◆ How to complete this task
Restate all of the following data exactly, keeping any images out of the copy.

◆ Information shown
▬▬▬▬▬▬
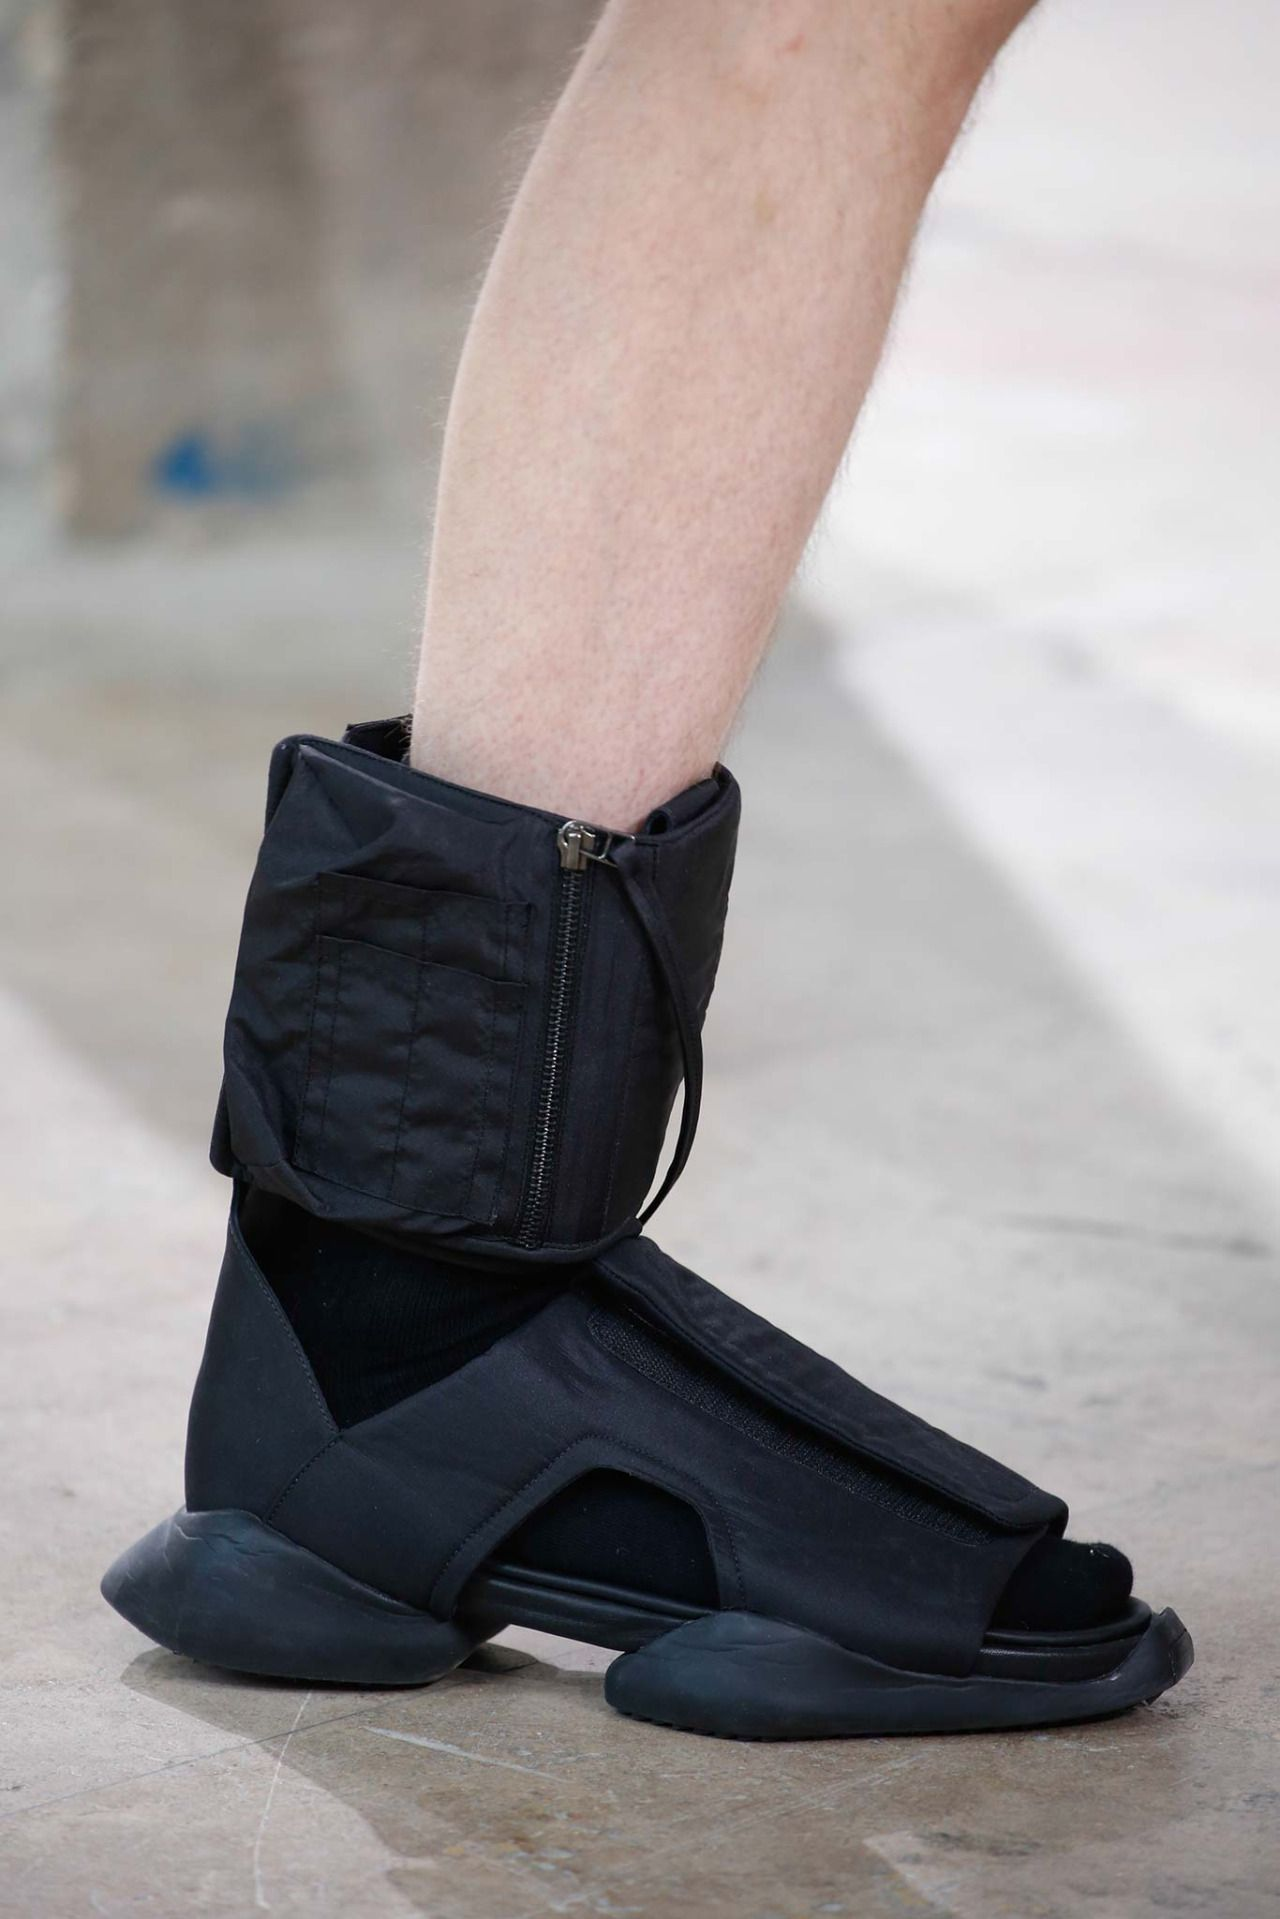 Rick Owens X Adidas Spring 2016 Menswear Adidas Sandals Shoelust
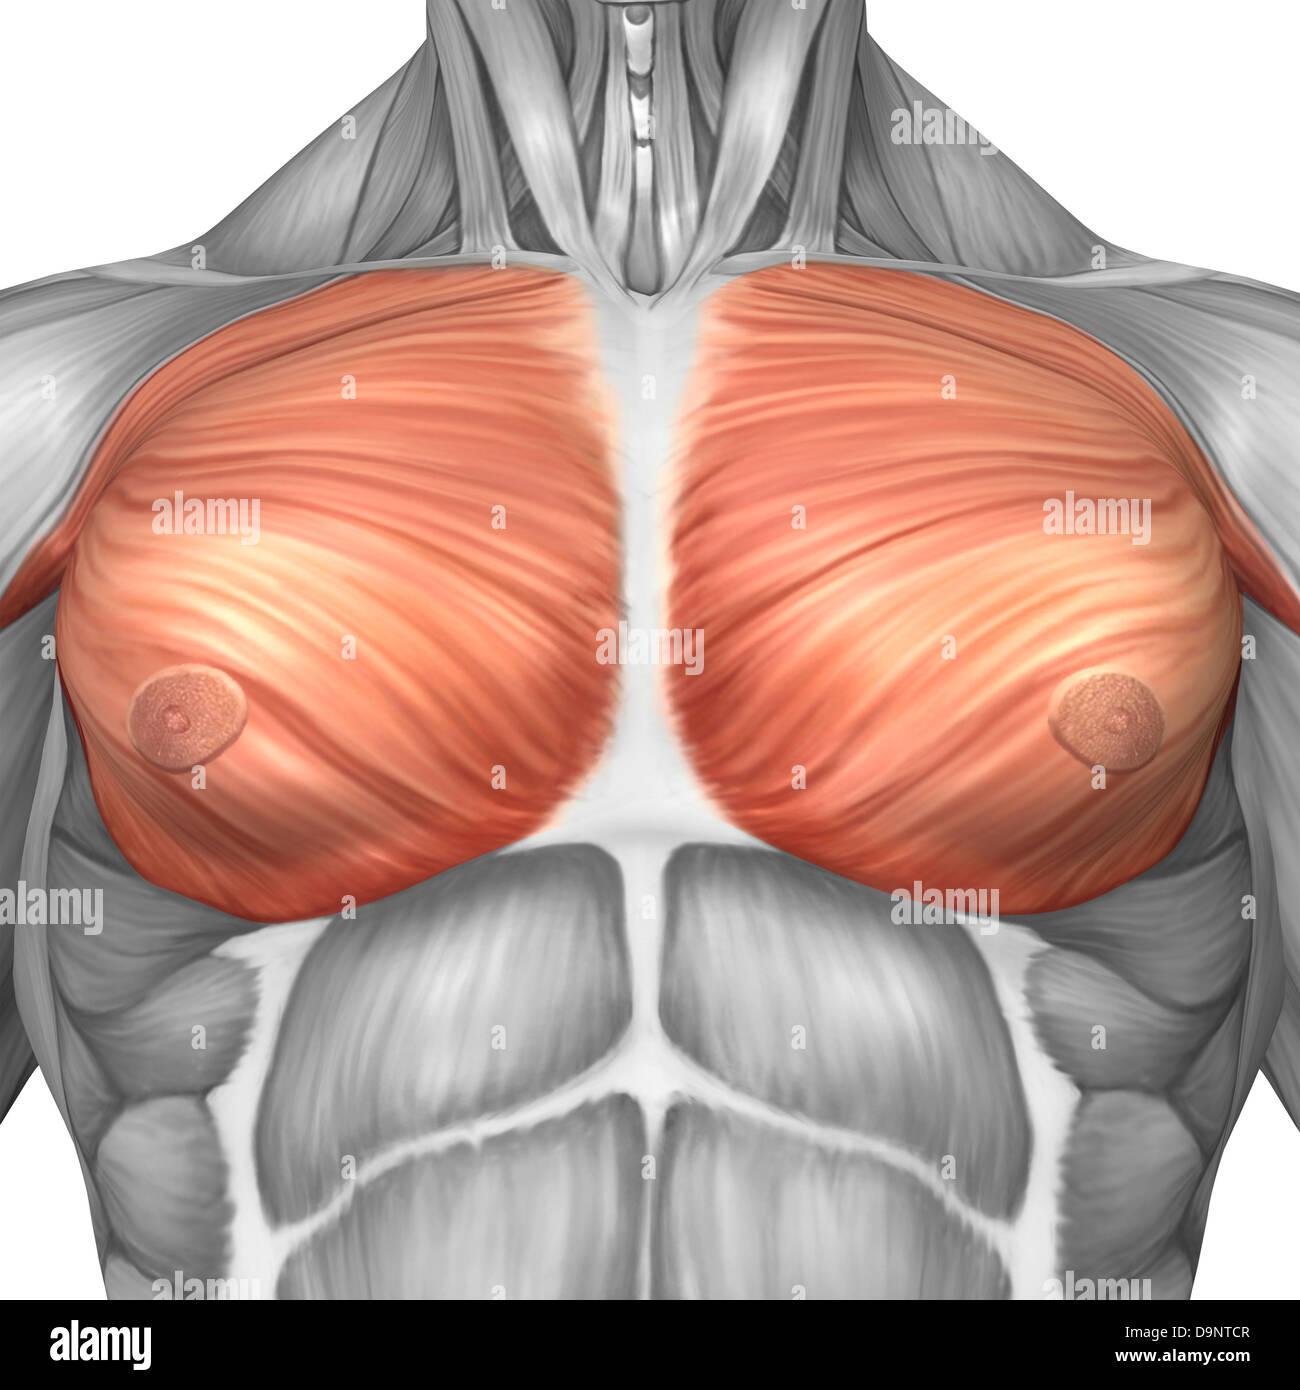 Male Abdomen Anatomy Stock Photos Male Abdomen Anatomy Stock
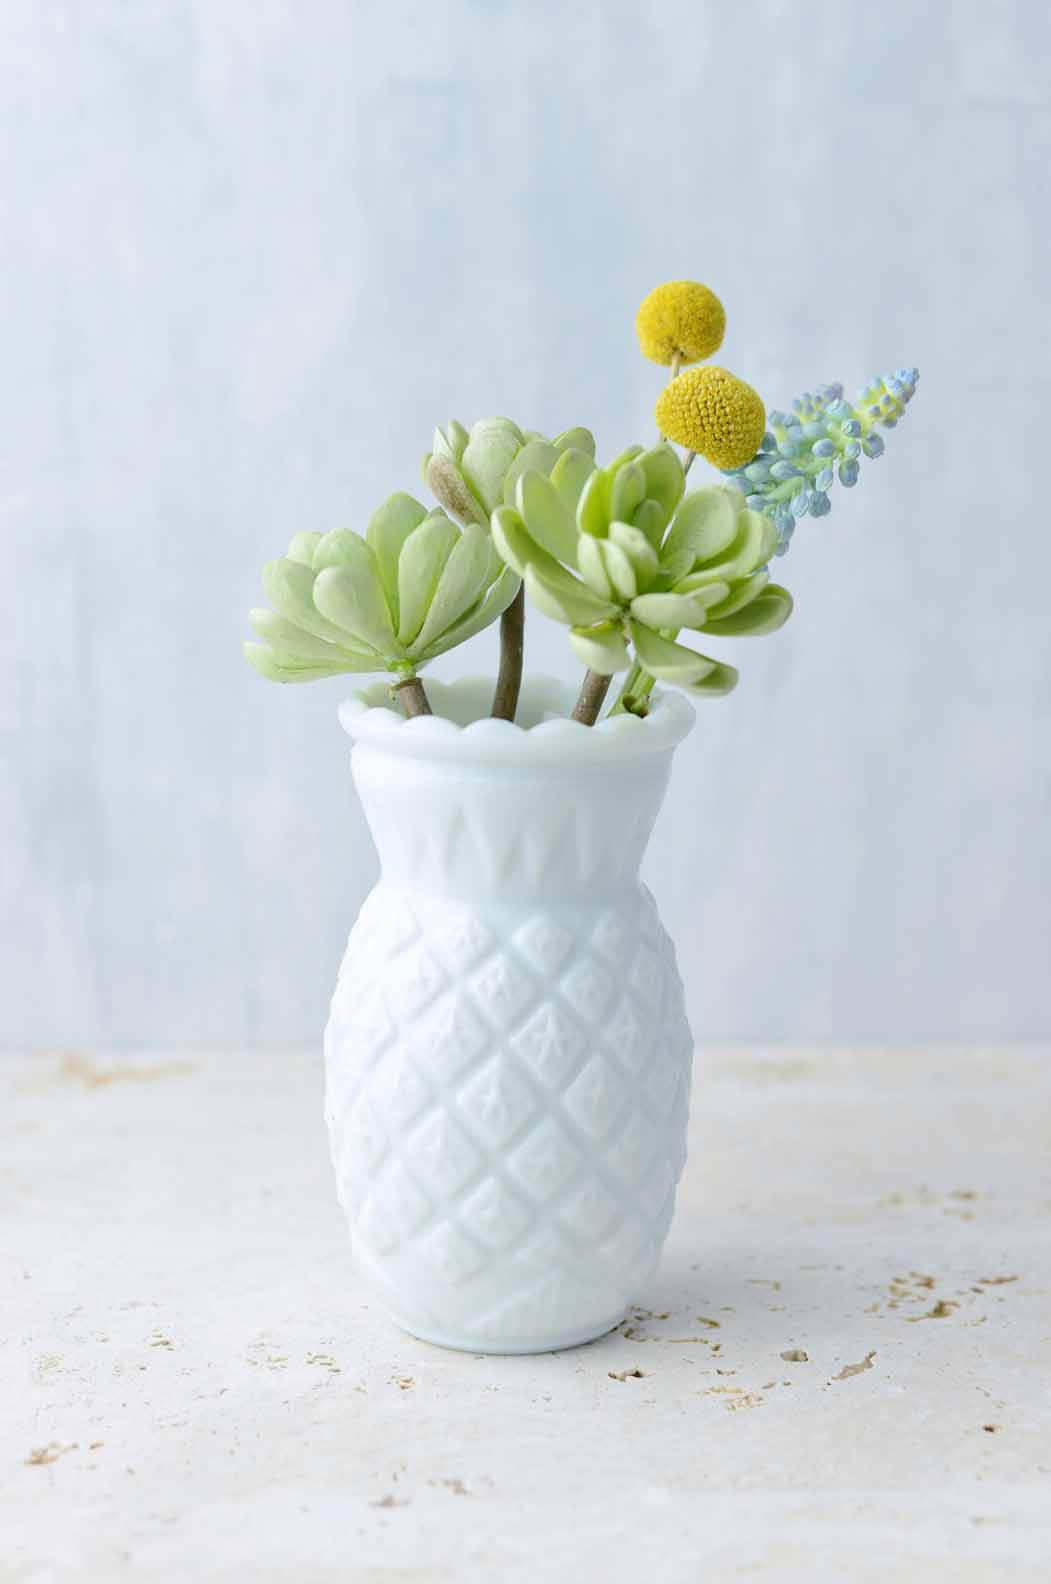 Pineapple Bud Vases Heirloom Milk Glass Vase 5.75in
▬▬▬▬▬▬
◆ Worked solution
 Rick Owens X Adidas Spring 2016 Menswear Adidas Sandals Shoelust
 Male Abdomen Anatomy Stock Photos Male Abdomen Anatomy Stock
 Pineapple Bud Vases Heirloom Milk Glass Vase 5.75in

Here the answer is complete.